The net effect of the two scenarios is the same. The dictionary object will be retained, and you will need to include a release in the dealloc method of the class.
If this were not correctly handled by the compiler, it would be very hard indeed following the retain/release rules of objective-c.
How would I dealloc a boolean value?
Deallocing it this way below gives me a warning: Incompatible pointer to integer conversion assigning to 'BOOL' (aka 'signed char') from 'void *'
- (void)dealloc {
self.booleanVar = nil;
[super dealloc];
}
Perhaps I should clarify, this is from a simple class inherited from NSObject.
I'm using the self.var = nil pattern that you see in Cocoa Touch classes. Let's say if it was an NSString* instead should I use self.var = nil or [var release] in the deallocmethod? I'm a little confused here.
You don't need to do it. It is not an object. This also explains the warning, as you're trying to assign a nil pointer (that's a NULL for objects basically) to a non-object.
Regarding your second question, yes. You can think of primitive variables as being part of the object, so when it's deallocated the vars will not exist anymore.
But when you have a NSString * in an object, it's just a pointer to another object. If you dealloc the former, the pointer will be deleted, not the NSString. No one might point to it, it's kind of lost in the air, occupying memory. So, before deleting the pointer, if you won't need the object anymore, you send it a release message. That's done in the dealloc method, since it's called to "delete" and object and thus is a good place to delete also every other object that has no use anymore.

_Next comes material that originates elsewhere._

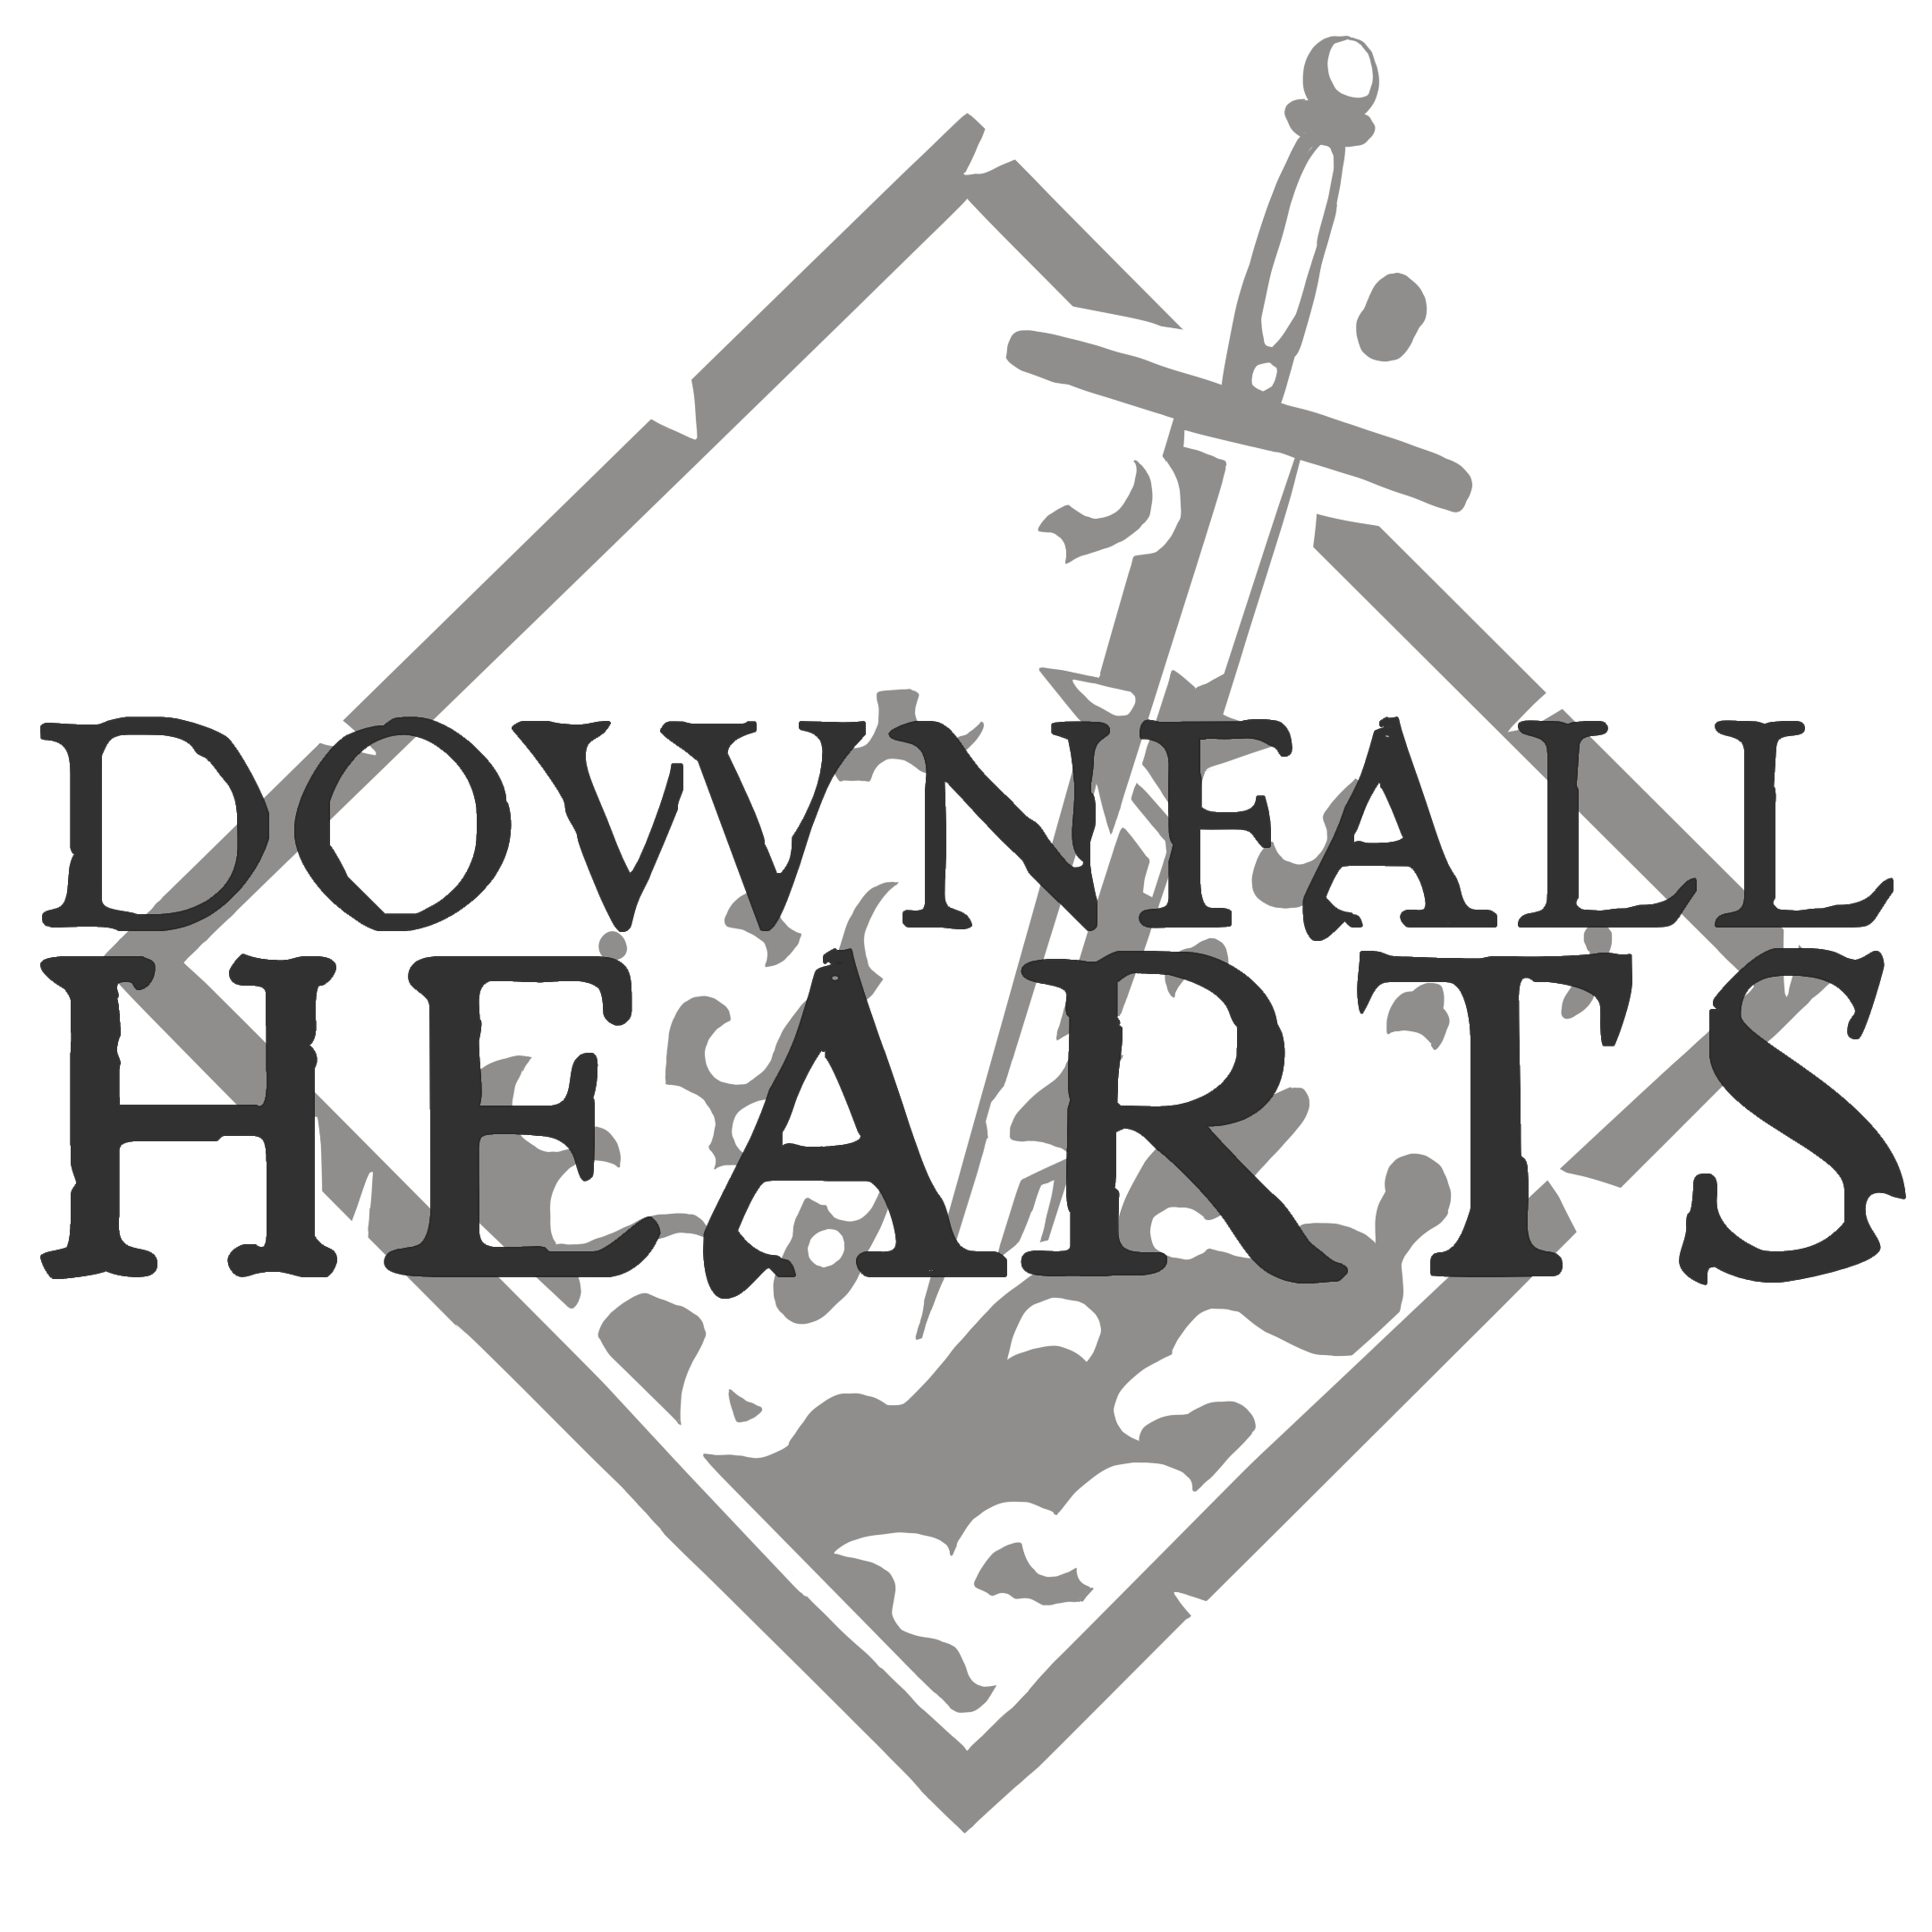 Logo: Downfall Hearts

You dont need to dealloc a BOOL, since BOOLs are really just a byte, which is a primitive data type. You only need to dealloc objects which have been allocated to memory.
First of all, if booleanVar is just a plain BOOL value, as in it is declared like so:
BOOL booleanVar;
then you do not need to free up any memory associated with it, since that memory is allocated and freed when the class that holds it is allocated and deallocated. So no code for booleanVar in dealloc will be fine.
However, if you are talking about a pointer for a BOOL, defined like so:
BOOL *booleanVar;
and what you want is to set this variable to a non-value, you should set it equal to NULL instead of nil, since NULL is for value pointers and nil is for object pointers (see: NULL vs nil in Objective-C).
However, if what you want is to free up the memory that the BOOL pointer points to, allocated with malloc or realloc, etc, then try the free() C function (see: http://www.cplusplus.com/reference/clibrary/cstdlib/free/).
What would really clear all this up is if you showed us the property declaration for booleanVar in the class interface, which would tell us exactly what you want to do and you would get an answer with complete certitude.